— Directions for this task —
Print exactly and only the lines that run from the one containing "2014 NAIAS Porsche 918 Spyder Engine Cover" through the end of the material, please, omitting pictures.

____ Given information

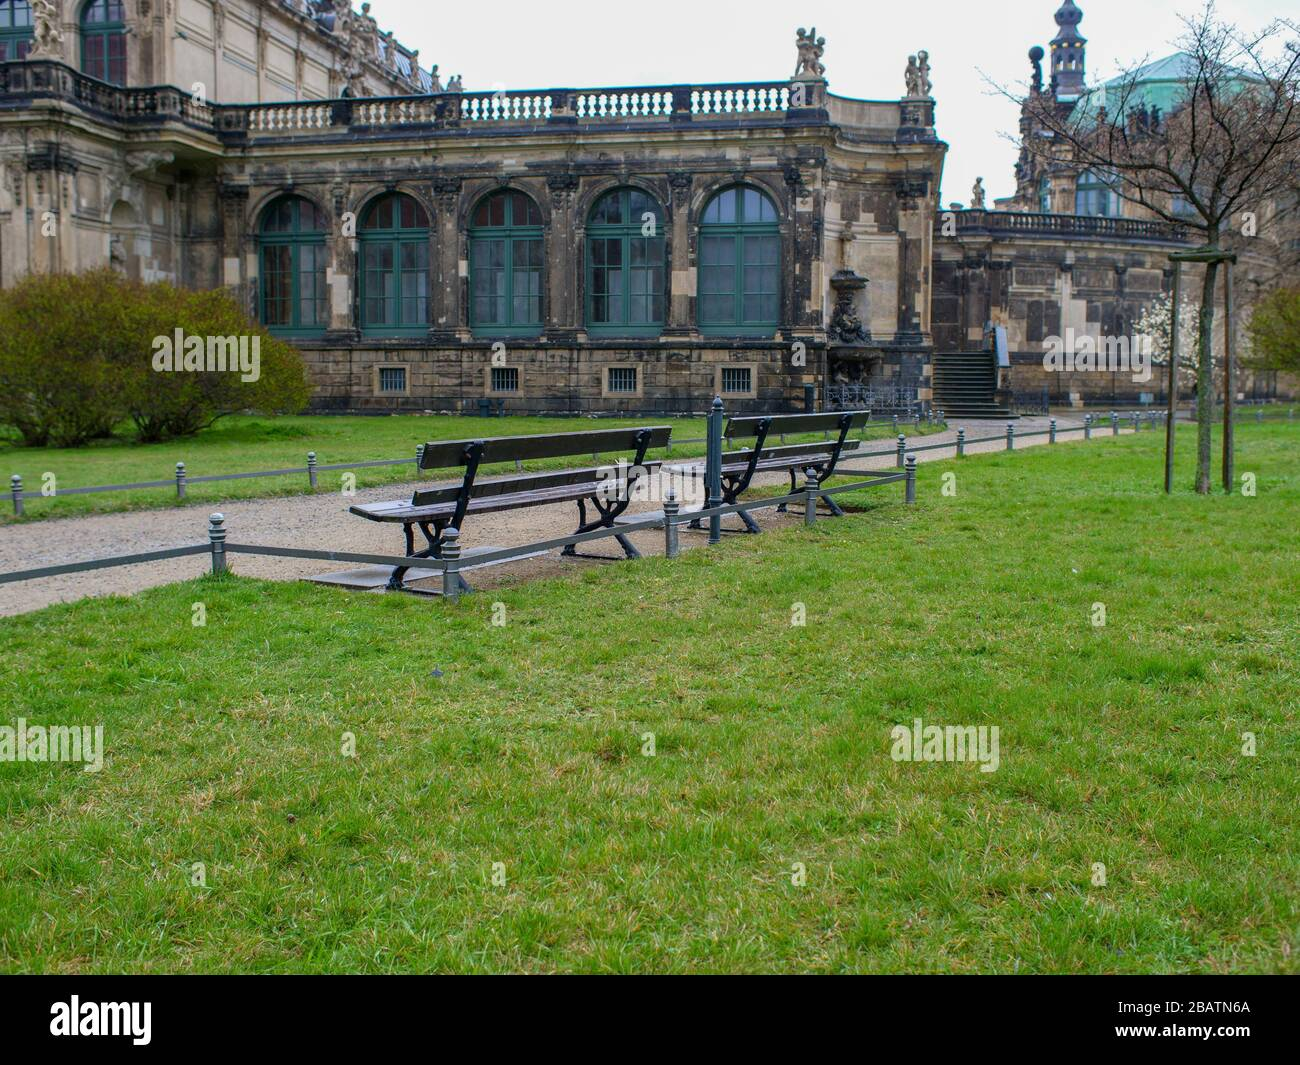 Leere Parkbänke während Coronavirus am Dresden Zwinger Teich Zwingerteich COVID-19 Lockdown 2020 Stock Photo
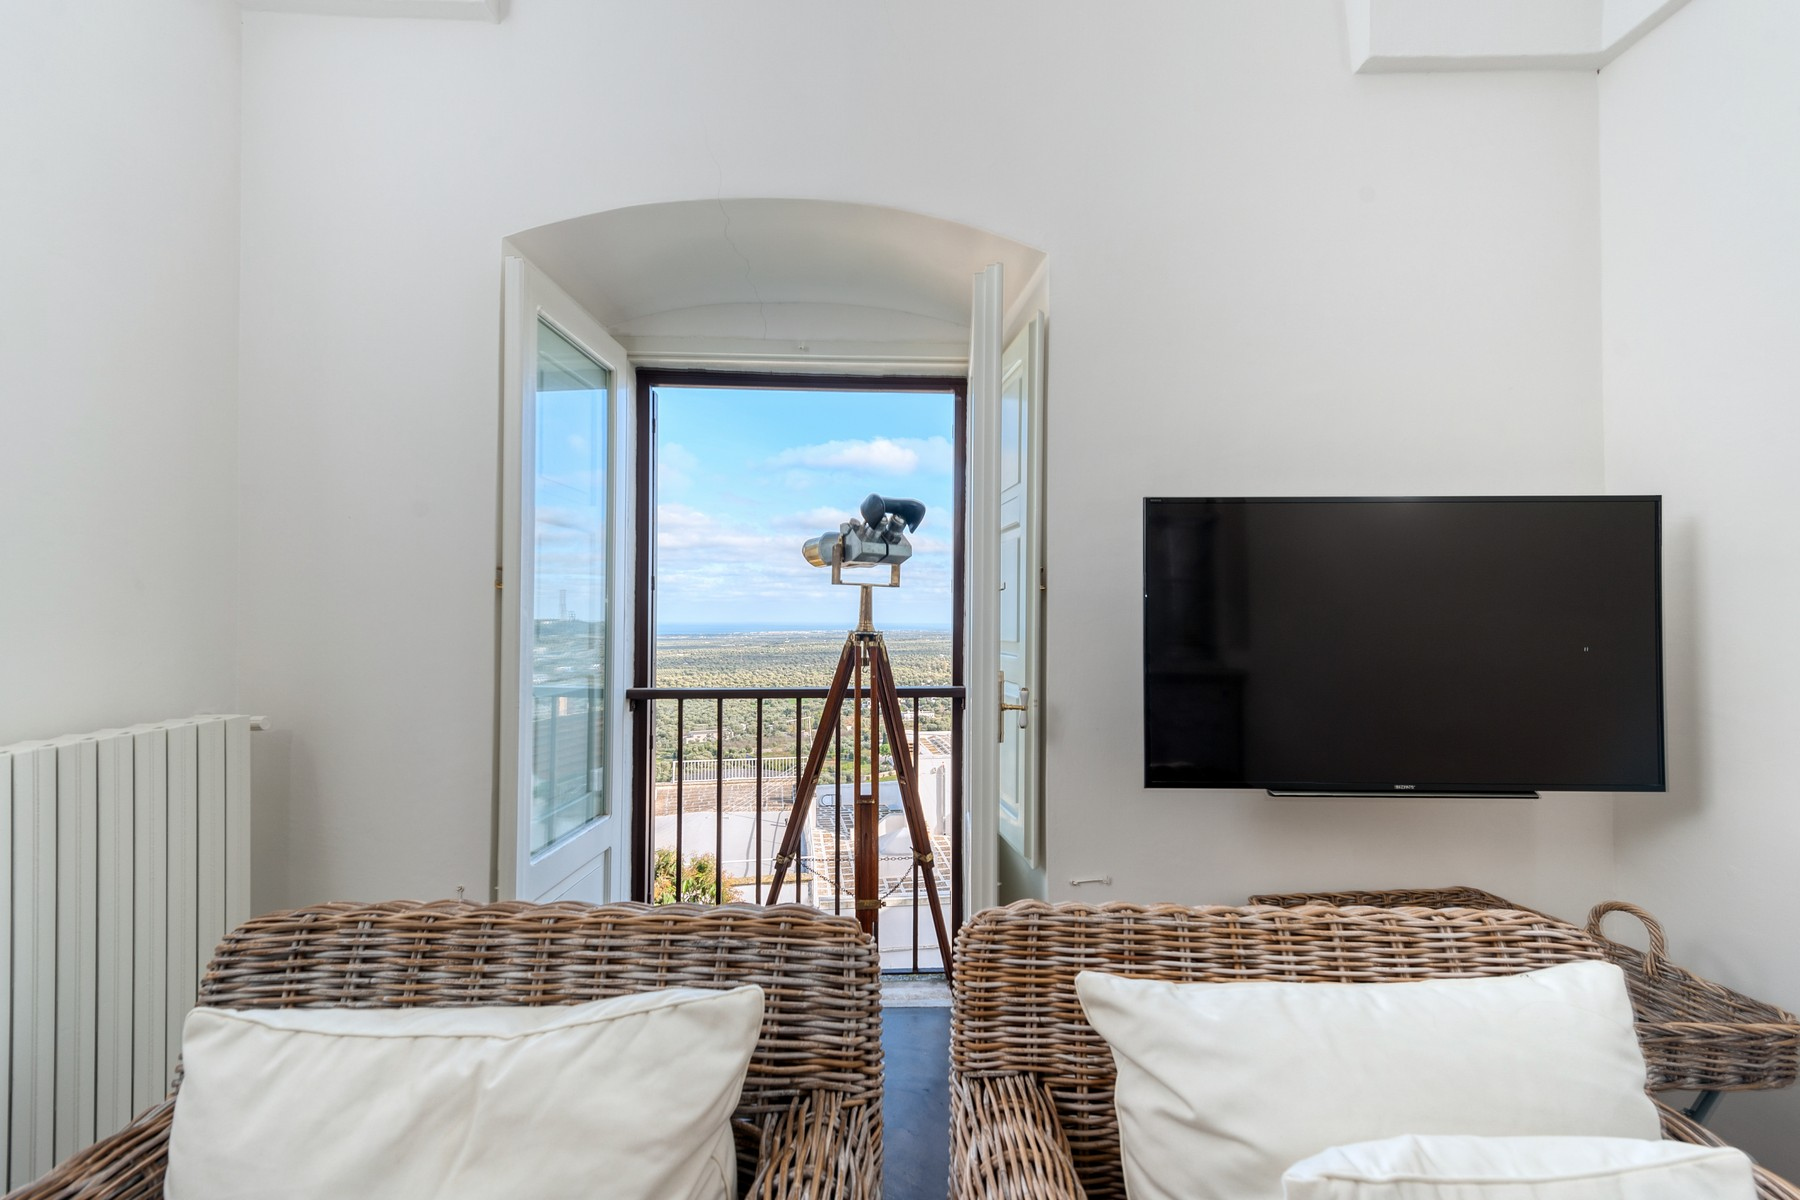 Appartamento in Vendita a Ostuni: 5 locali, 265 mq - Foto 6
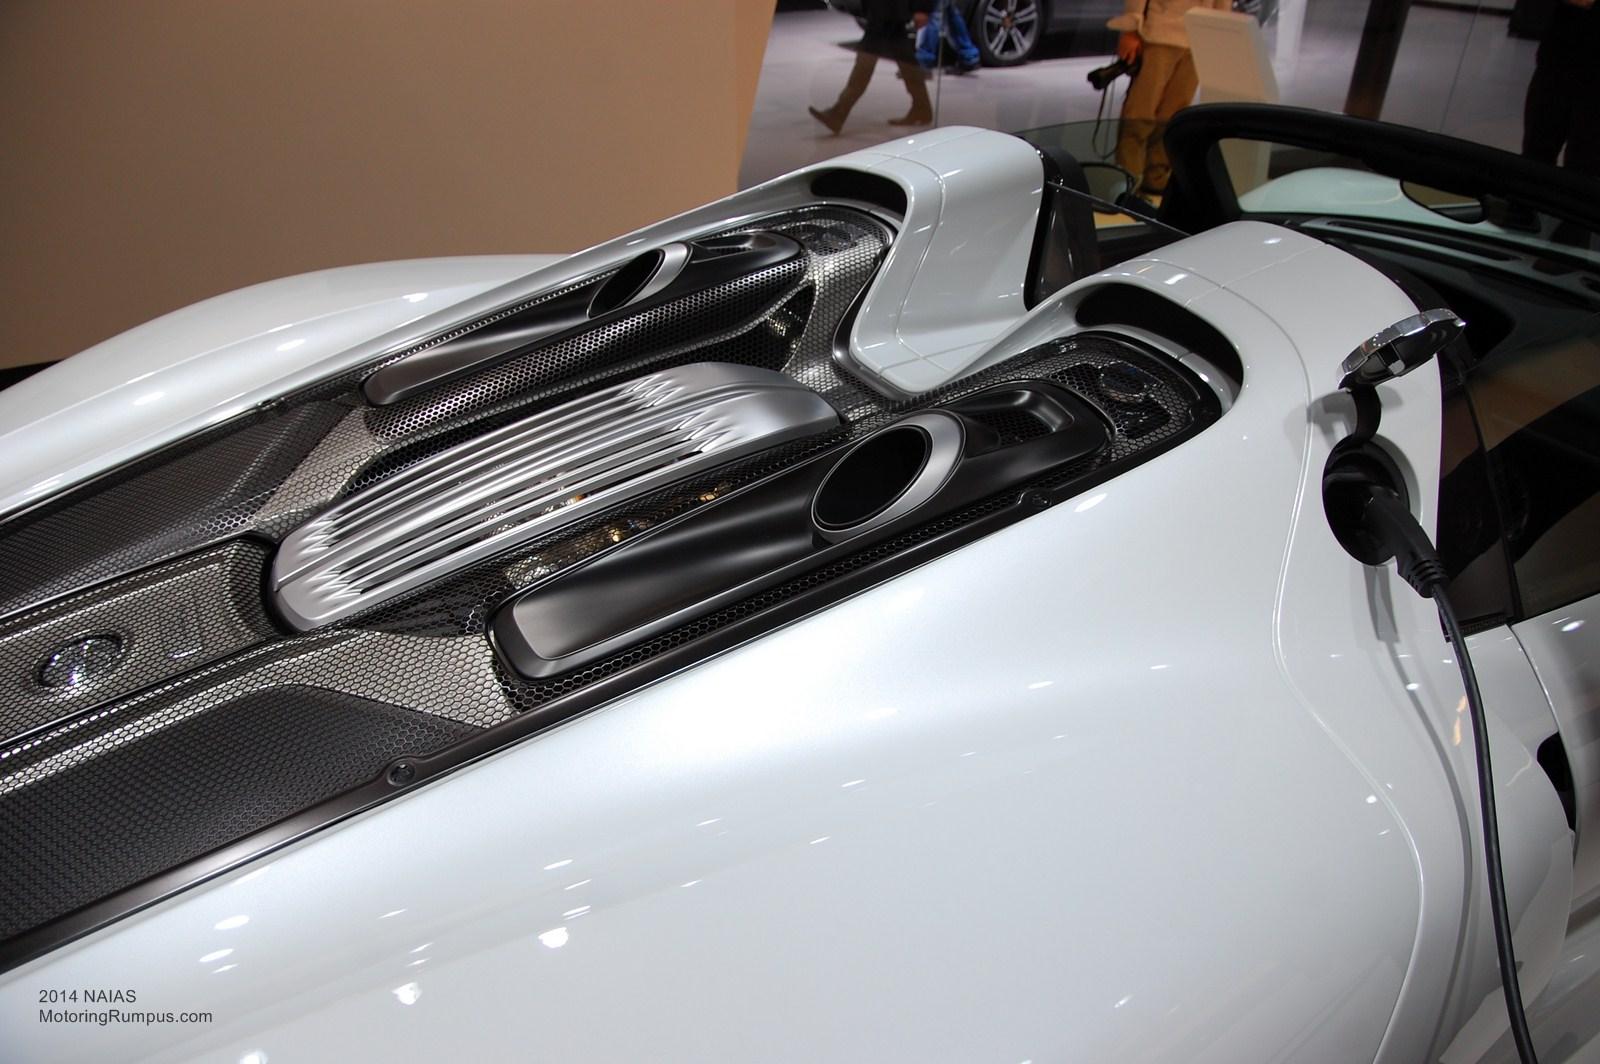 2014 NAIAS Porsche 918 Spyder Engine Cover
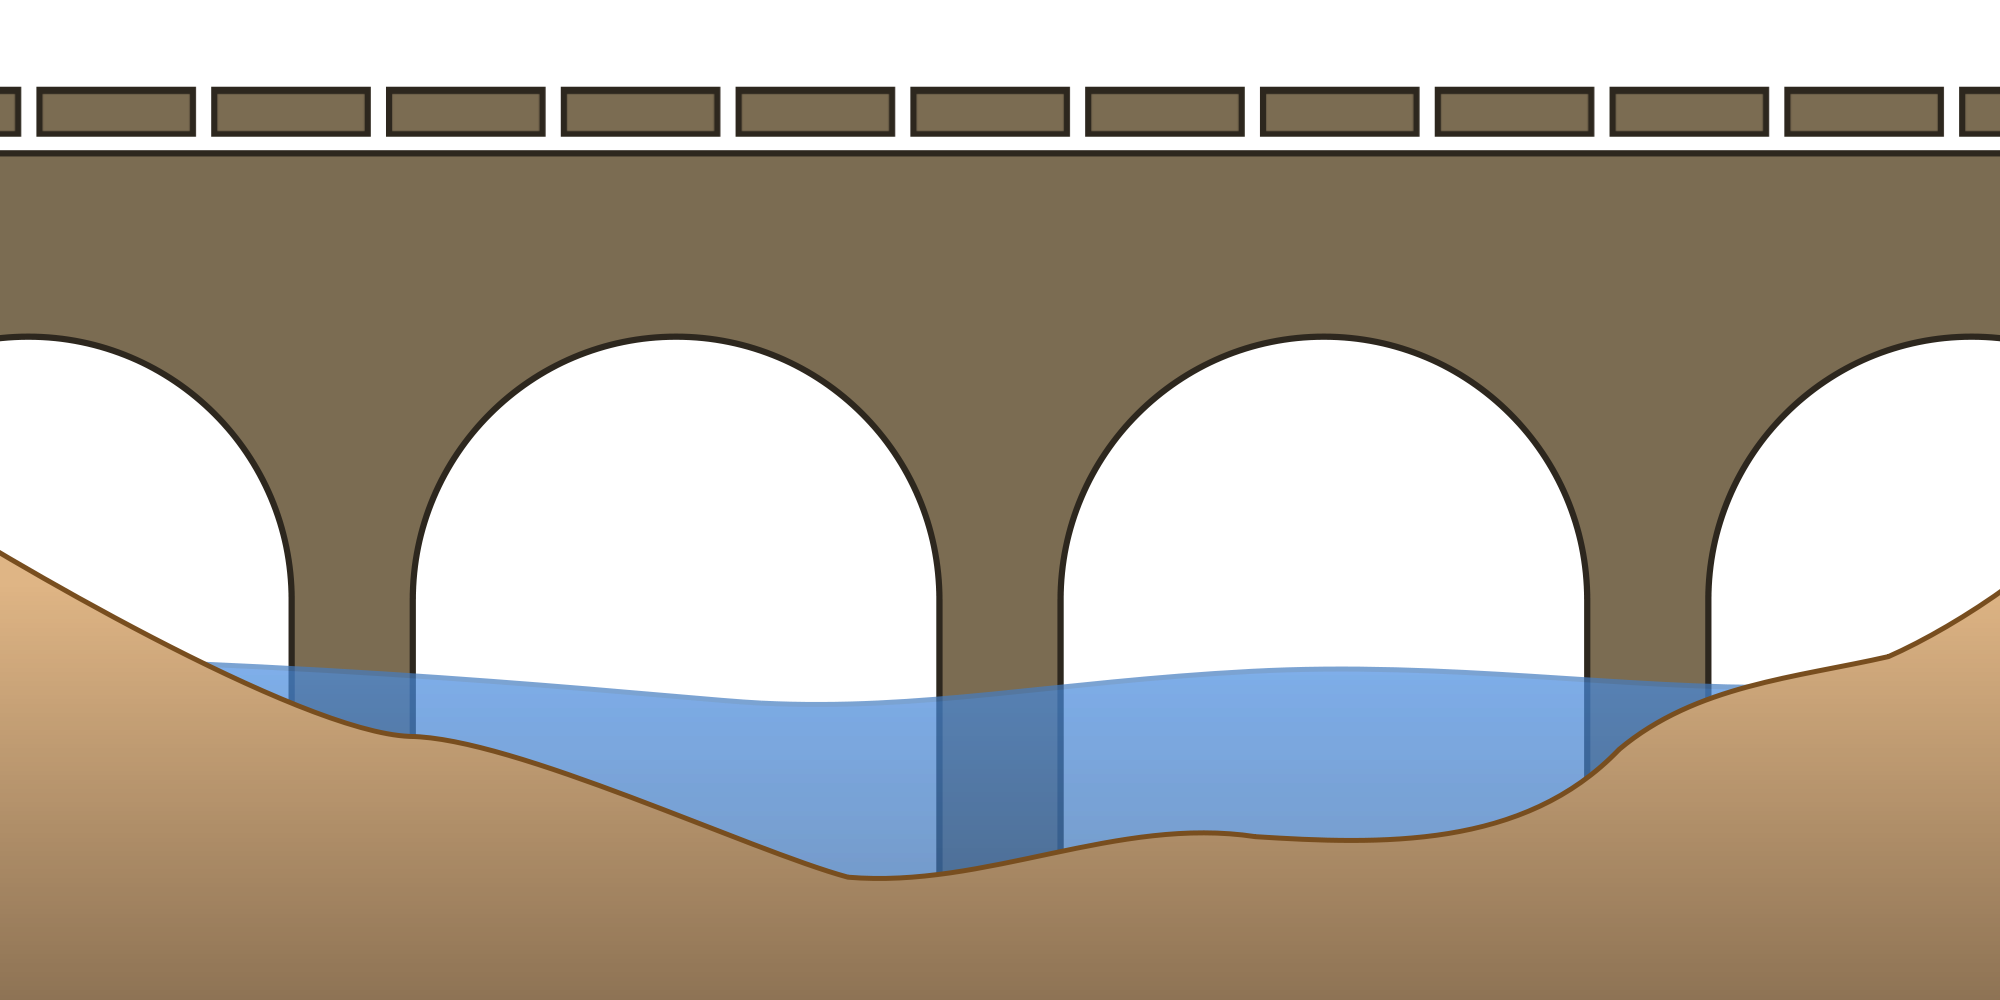 free download Arch Bridge Drawing at GetDrawings

________

— Result of this task —
 2014 NAIAS Porsche 918 Spyder Engine Cover
 free download Arch Bridge Drawing at GetDrawings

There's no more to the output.